Her head was still reeling. The lady held her and she steadied a bit. She was in a black short kurta and black leggings. Her hair was long and she would be around 30. She was wearing black sneakers.
“Do you know him?” she asked pointing at the man lying on the footpath.
“Yes, he lives in the locality,” I replied.
“He will be a good example then,” she said.
The other two ladies were similarly dressed and now stood beside them. They both were carrying some kind of gun which Nisha later came to know were taser guns.
“Who are you?” Nisha asked.
“We call ourselves Birangana.”
Nisha wasn’t quite ready for what the Biranganas did the next day. They came back in their black clothes and black bikes and paraded the man all around the locality saying he had been caught last night assaulting a woman.

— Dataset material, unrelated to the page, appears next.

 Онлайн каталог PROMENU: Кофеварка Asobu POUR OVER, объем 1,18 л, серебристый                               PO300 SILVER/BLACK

“If a man is trying to take away a woman’s honour, it is his shame. And it is our mission to ensure that any man who tries to assault a woman feels ashamed. Terribly ashamed,” they said on the loudspeaker.
Nisha had thought that people would retaliate, they would criticize this action. Instead the women clapped and jeered and many men slapped and kicked the offender supporting the action of the Biranganas.

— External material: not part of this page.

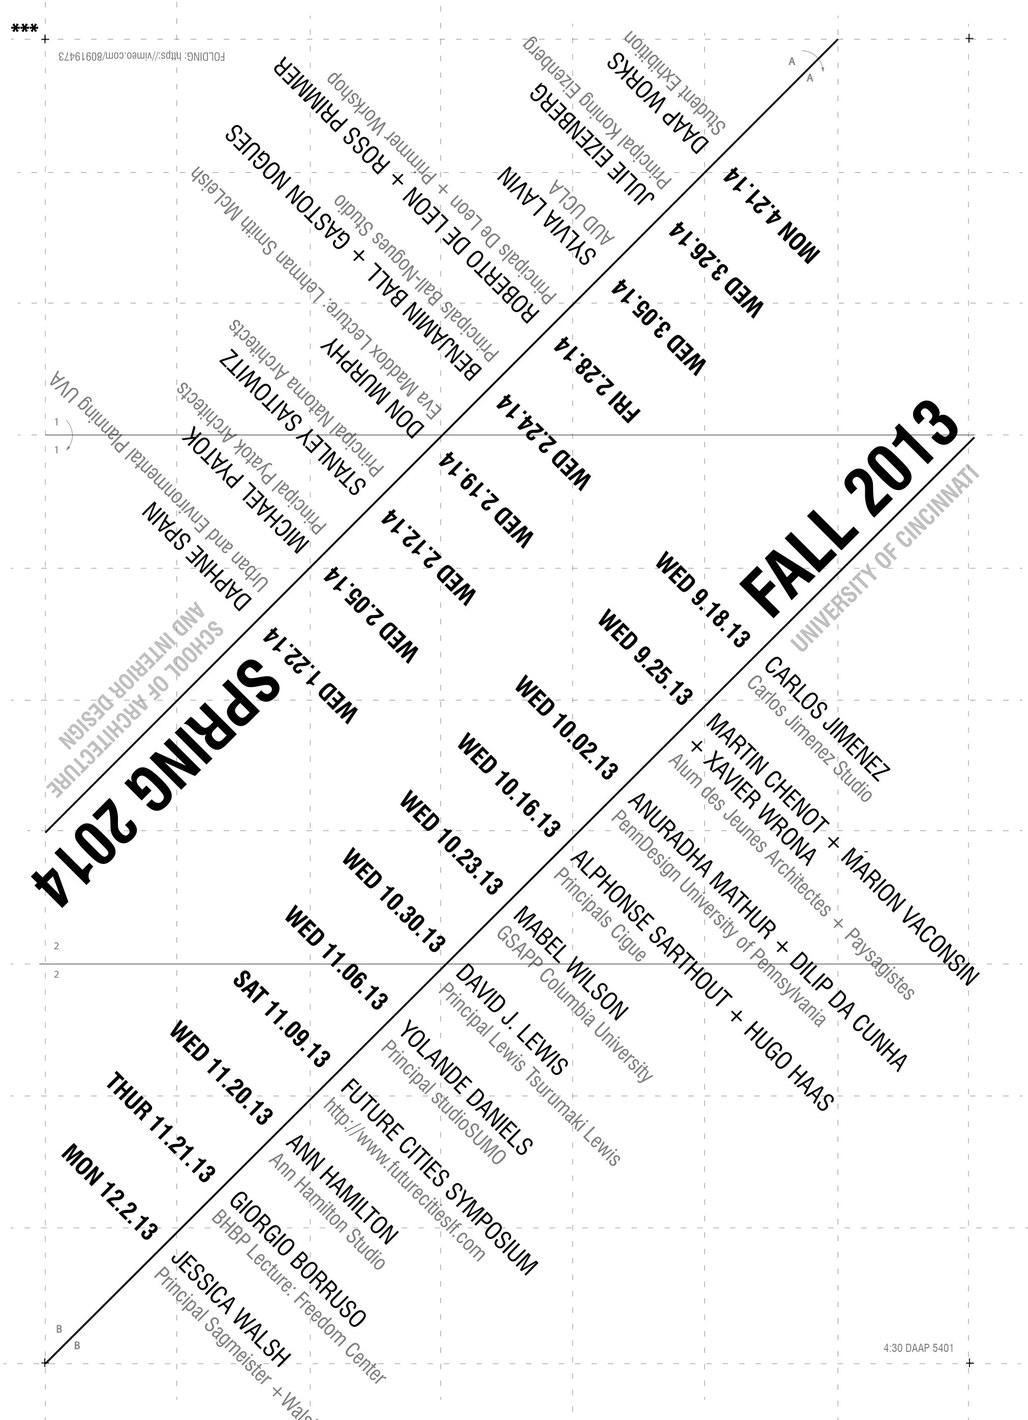 University of Cincinnati SAID Lecture Series. Image courtesy of U. Cincinnati SAID.

The college lecture hall was packed with at least 200 young women. Nisha sat in the front row.
The lady at the mic was saying, “During the Bangladesh Liberation War of 1971 when the Bengali Nationalists wanted a separate state and clashed with the Pakistani Army, rape was used as a weapon of war. The Pakistanis tied up hundreds and thousands of women and gang raped them and most were dumped in mass graves. Those who survived, to give them dignity, the newly established state of Bangladesh called them Birangana. But this led to their further social ostracization and these women still live in the shadows in Bangladesh and Pakistan. We believe a woman should not only be called a Birangana because she survived rape, but she should be a Birangana because she put a stop to the culture of rape.”
There was pin-drop silence. Everyone was listening in rapt attention.
“We believe that rape is a weapon of power that is used over women to subjugate them, to take away their freedom and honour. Our society has progressed leaps and bounds, but rape continues to be the scourge of our society. Each and every woman lives in the fear of sexual assault. At home, in the workplace, on the street, in public transport – are they ever completely safe?”
Nisha’s mind trailed off to that night when the three Biranganas saved her. It has been two years since then and much has changed.
The Biranganas had started a women’s movement in Kolkata demanding safety of women. Women joined the movement in hordes and they quickly spread their wings to the rural areas as well. They were all over the state on their bikes in groups of threes, especially after dark, patrolling the streets. They had been able to bring down the crime rate against women in the state of West Bengal from 17 per cent to 2 per cent in one year.
Nisha’s association with the Biranganas changed her life entirely. She no longer needed a male colleague to drop her late at night, she did not feel the cold sweat when she turned the key in her lock at 4 am.
Achieving this state of mind meant back-breaking training in the Birangana training centres, but she took it without complain. She toughened her body and mind and became an expert in self defense.
Nisha could hear her name being called. She was to speak now.
“I survived an abduction and rape attempt, but I decided never to live in fear. A woman is truly independent when she doesn’t have to look over her shoulders when she is walking down the streets. I don’t anymore. It is a very liberating feeling,” she said.
Nisha came out of the lecture hall with a smug smile sitting on her face. She was in a black kurta and leggings and black sneakers. She took her black bike off the stand. It vroomed into life.
She had to report to patrolling duty. She was a Birangana now.